Many of these problems stem from the melting pot of technologies that night desks have to use to take in and execute the flood of orders they receive from the daytime desks. This usually involves multiple OMSs, instant messaging, email and phone for managing incoming orders and even more systems for managing alerts and call levels.
With huge volumes of order information being passed between these systems there is plenty of room for error. Lost or erroneous orders, double entries and missed call levels all add up to a significant operational risk.
More often than not, the orders handed over must then be cancelled and re-entered. In many markets this means losing queue priority, a particularly irksome problem during roll-over periods. Special instructions, such as specific client recaps and release and cancel times, can be lost as orders are checked against paper tickets, emails, or manual spreadsheets. At the end of this unhappy trail, erroneous orders are finally communicated back to the trading desk and to clients with sub- optimal results.
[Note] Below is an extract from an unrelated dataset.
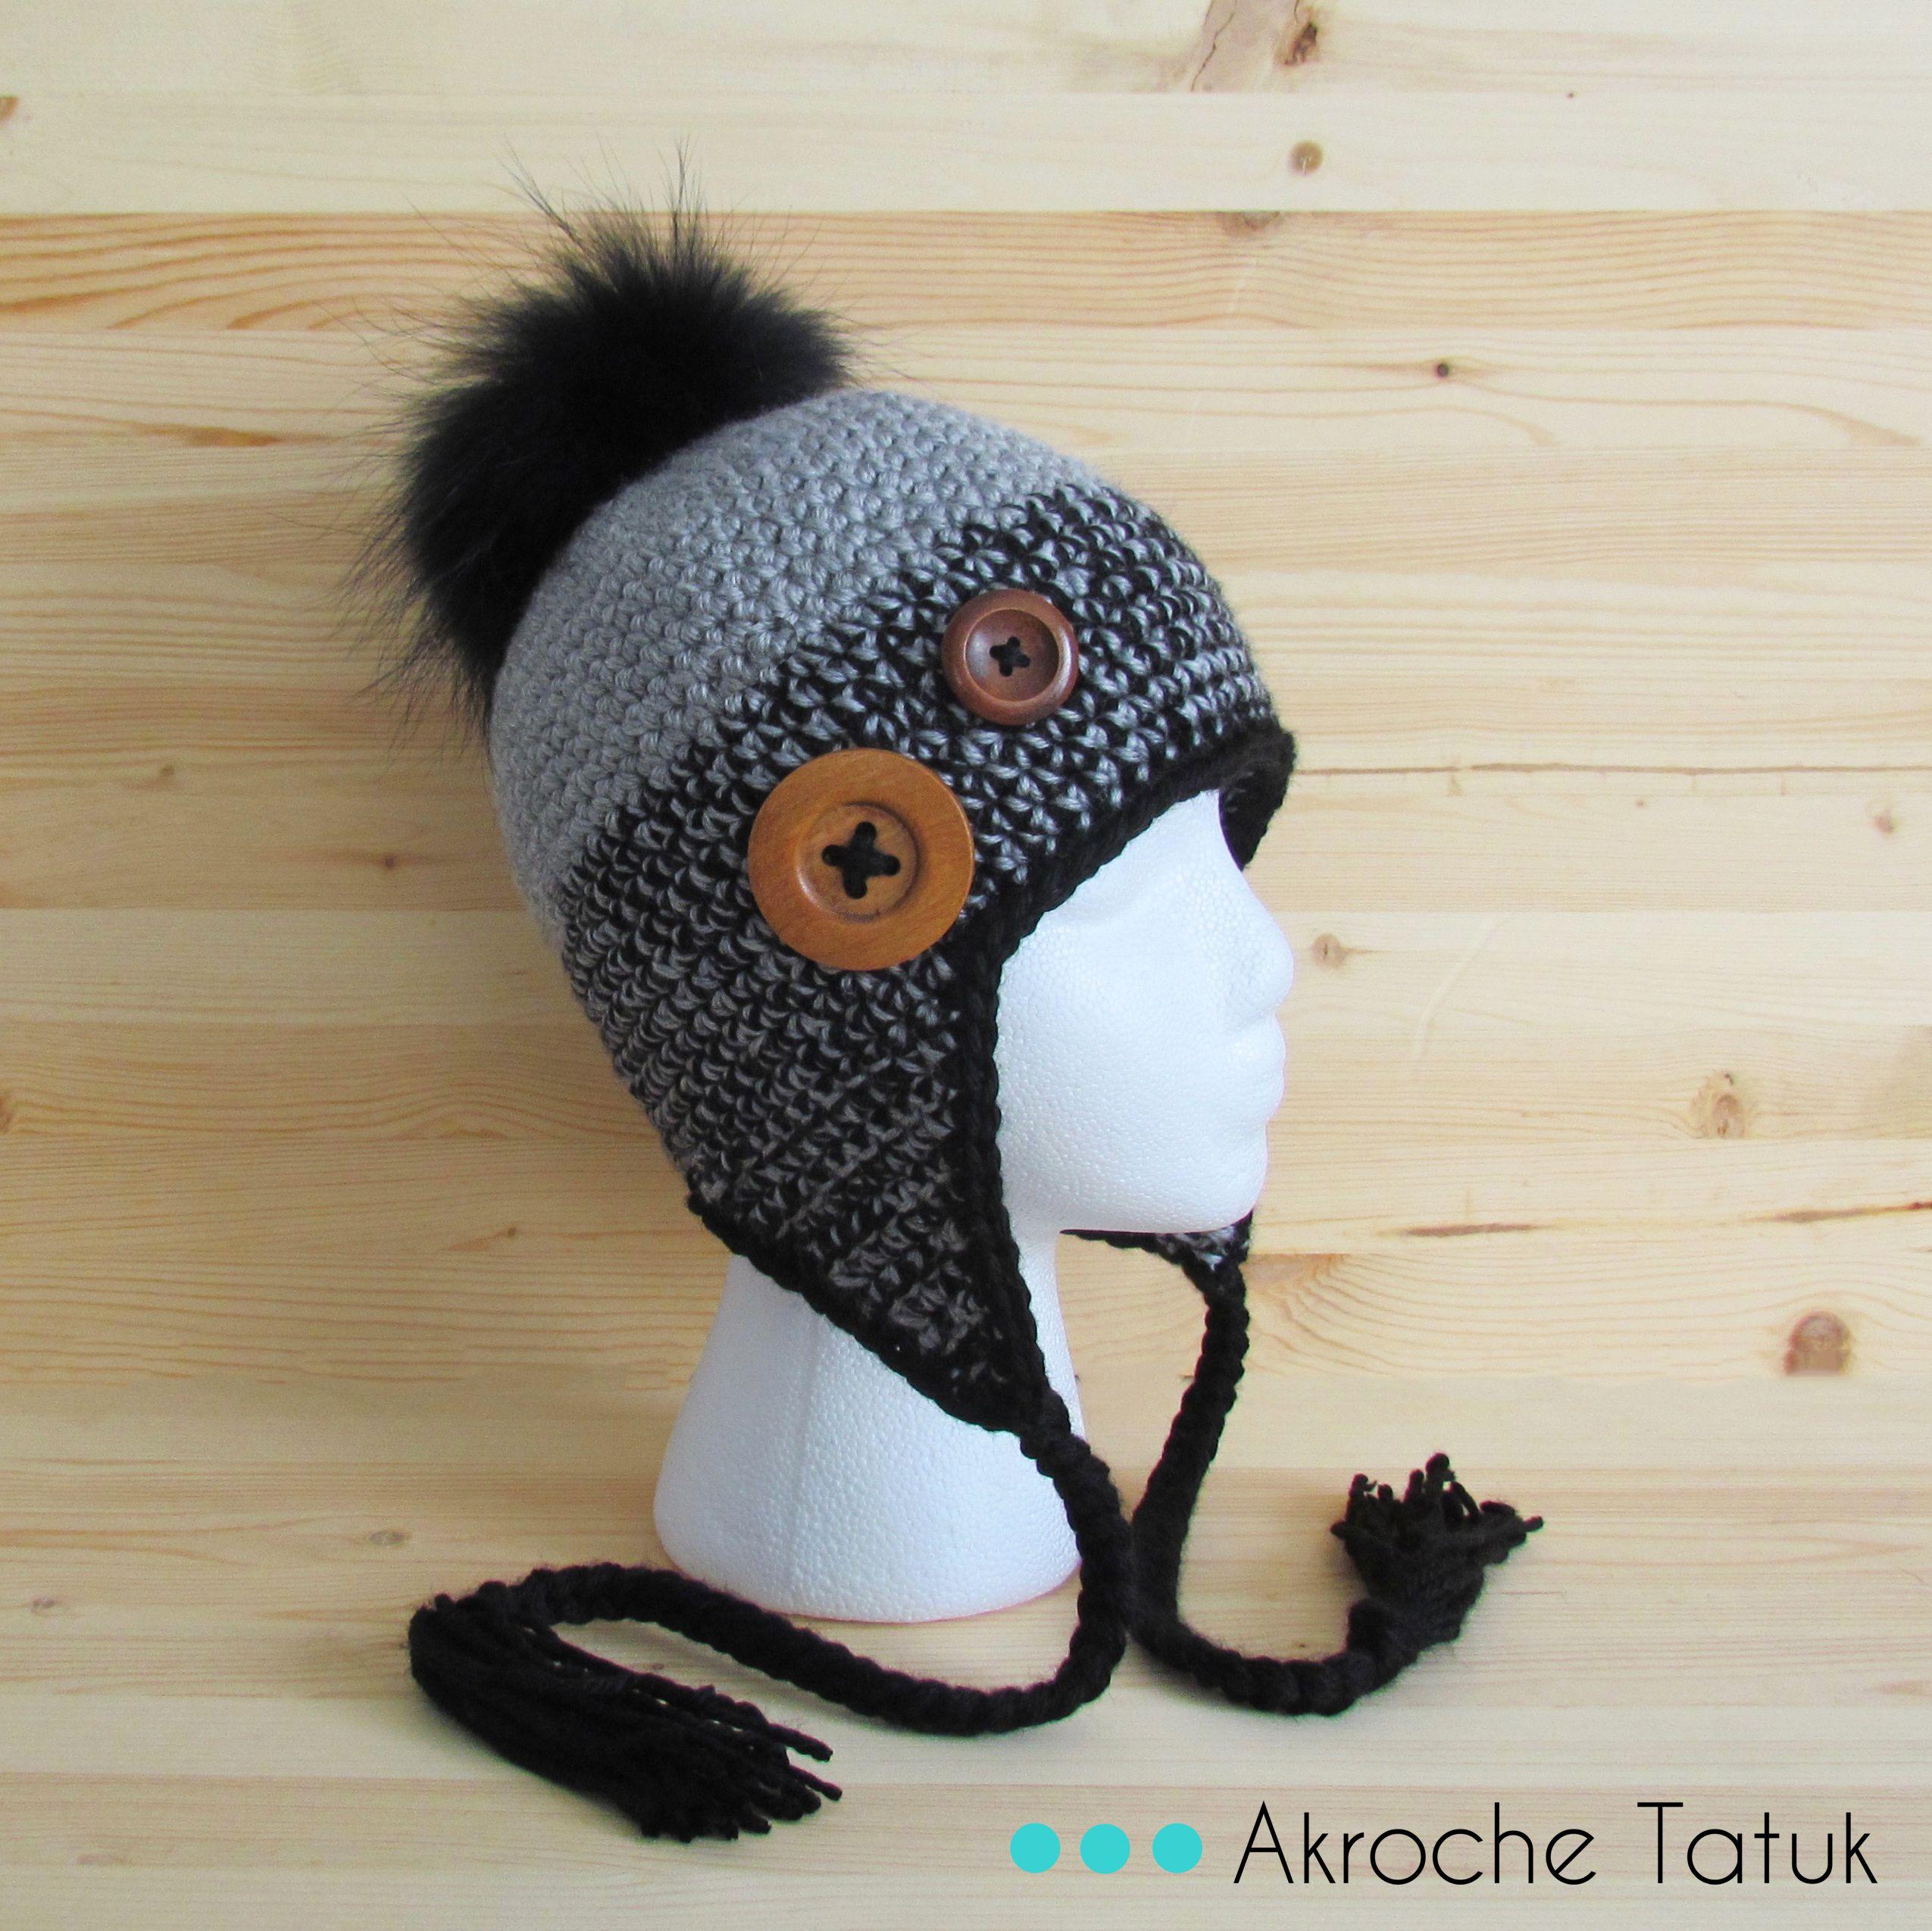 Nunavut Kit/ Ensemble Nunavut pattern by Akroche Tatuk

Faced with these myriad problems, today’s night desks are crying out for a solution.
A single global OMS is an obvious starting point, immediately removing the need for manual handling of orders and allowing for efficient handover between users in the same office, in the same region, between regions or across multiple global hubs. Handovers can be managed and monitored at group level to ensure nothing is missed. A solution should eliminate the need to re-enter orders, ensure they maintain their queue position and provide better execution quality for proprietary and client trades. It should facilitate the handover of an order at any stage in its lifecycle, without the need for traders to specify whether or not the order is to be handed over later. The original trader should also be able to maintain visibility of the order, no matter where and when execution took place.
From a risk perspective, the advantages are significant. An efficient system will provide a full audit trail, including handover action. Real-time order visibility gives certainty to both traders and clients that trades are being handled as they were originally specified. And ensuring orders stay in the market negates the timing and execution risk involved in pulling and re-entering them.
A harmonised, global risk console and single point of order entry also provides seamless global monitoring and tight management of limits across the world. Risk parameters and limits can be centrally maintained while orders are handed across various owners in different geographies, regardless of where the order is worked or who is currently handling it.
An efficient night desk may not win new business, but the continued reluctance to invest in good technology to support it looks like an increasingly dangerous decision. Poor trading outcomes damage reputations and client relationships. Preventing costly errors before they occur creates both operational and cost efficiencies across the whole trading lifecycle. And that has to be good for traders, for trading firms and for their clients.